Export Prohibitions & Restrictions:

Per the UK Trade Tariff, certain restrictions are placed on goods leaving the UK. Restrictions are placed on primarily three categories of goods leaving by the UK:

  • Strategic Goods: These refer to military and dual-use goods, i.e., civil goods that may have a military use. Such goods are under the jurisdiction, and require a license from the Department for Business Innovation and Skills (BIS),
  • Cultural Goods: Such goods, which may hold cultural and/or historical significance, are monitored by, and require a license from the Department for Culture, Media and Sport,
  • Controlled Drugs & Precursor Chemicals: A license is required from the British Home Office to export goods that classify as “drugs” or may be used for the preparation of the same.
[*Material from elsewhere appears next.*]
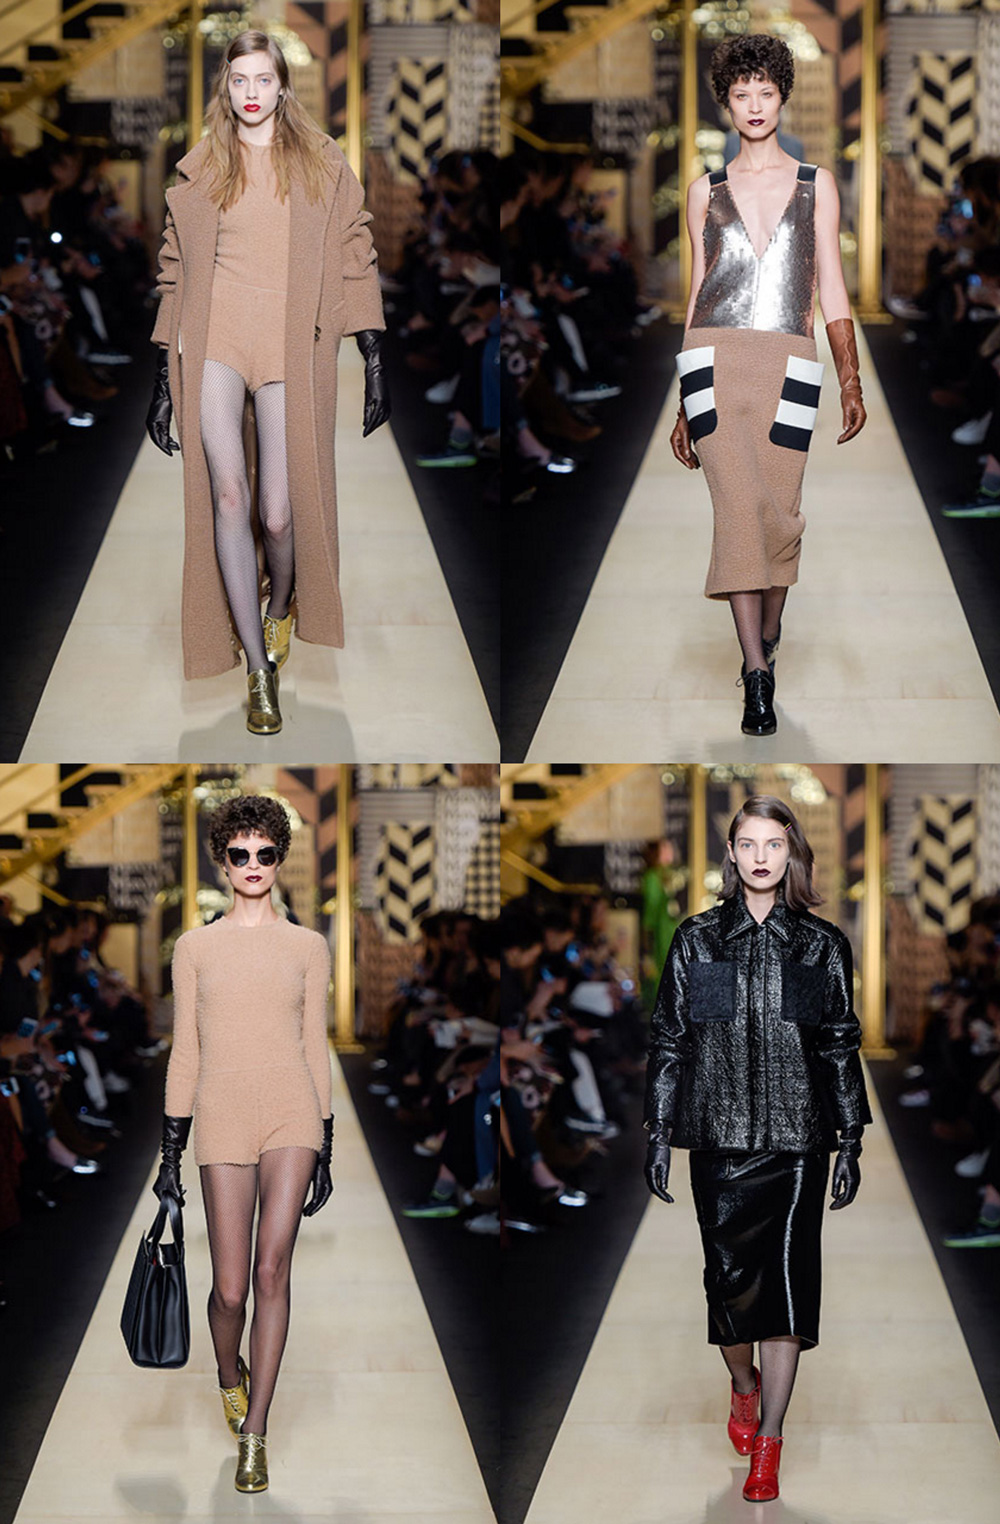 fashion-week-highlights-25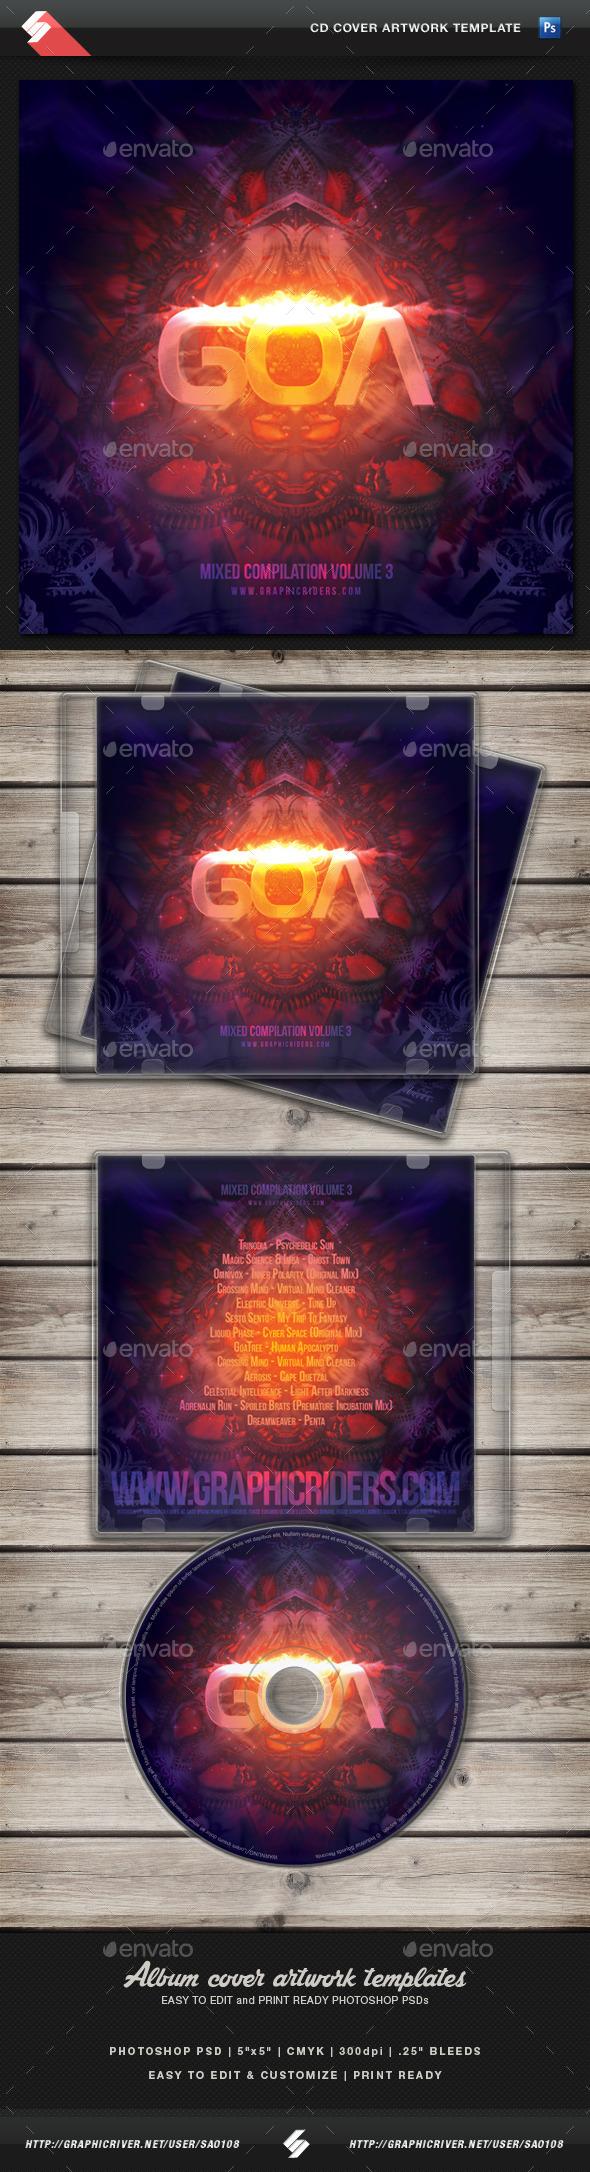 Goa Trance volume 3 CD Cover Artwork Template

To facilitate the export of the aforementioned goods, the BIS, and the Department for Culture, Media, and Sport issue the following licenses:

  • Open Export General Licenses (OGELs): such licenses sanction the export of specified goods only to particular destinations by the exporter,
  • Open Individual Export Licenses (OIELs): such licenses give the exporter authority to export unlimited quantities of specific goods to particular destinations,
  • Community General Export Authorization (CGEA): such licenses grant the exporter authority to export most (not all) dual-use goods to the United States of America, Australia, Japan, Canada, Norway, New Zealand, and Switzerland,
  • Standard Individual Export Licenses (SIELs): such licenses grant the exporter authority to export goods in particular amounts only to specific destinations.

It is interesting to note that the need for having an export license is waived in the following cases:

  • In the events that the goods are being transported/exported onboard flights abroad on aircraft which are owned and operated by the Civil Aviation flying unit,
  • In the events that the goods are bring transported on behalf of the British Council,
  • In the events that the goods are being exported on behalf of UK government departments, such as, but not limited to, HM Ambassadors, High Commissioners, and Governors of certain Commonwealth countries.

The content of this article is intended to provide a general guide to the subject matter. Specialist advice should be sought about your specific circumstances.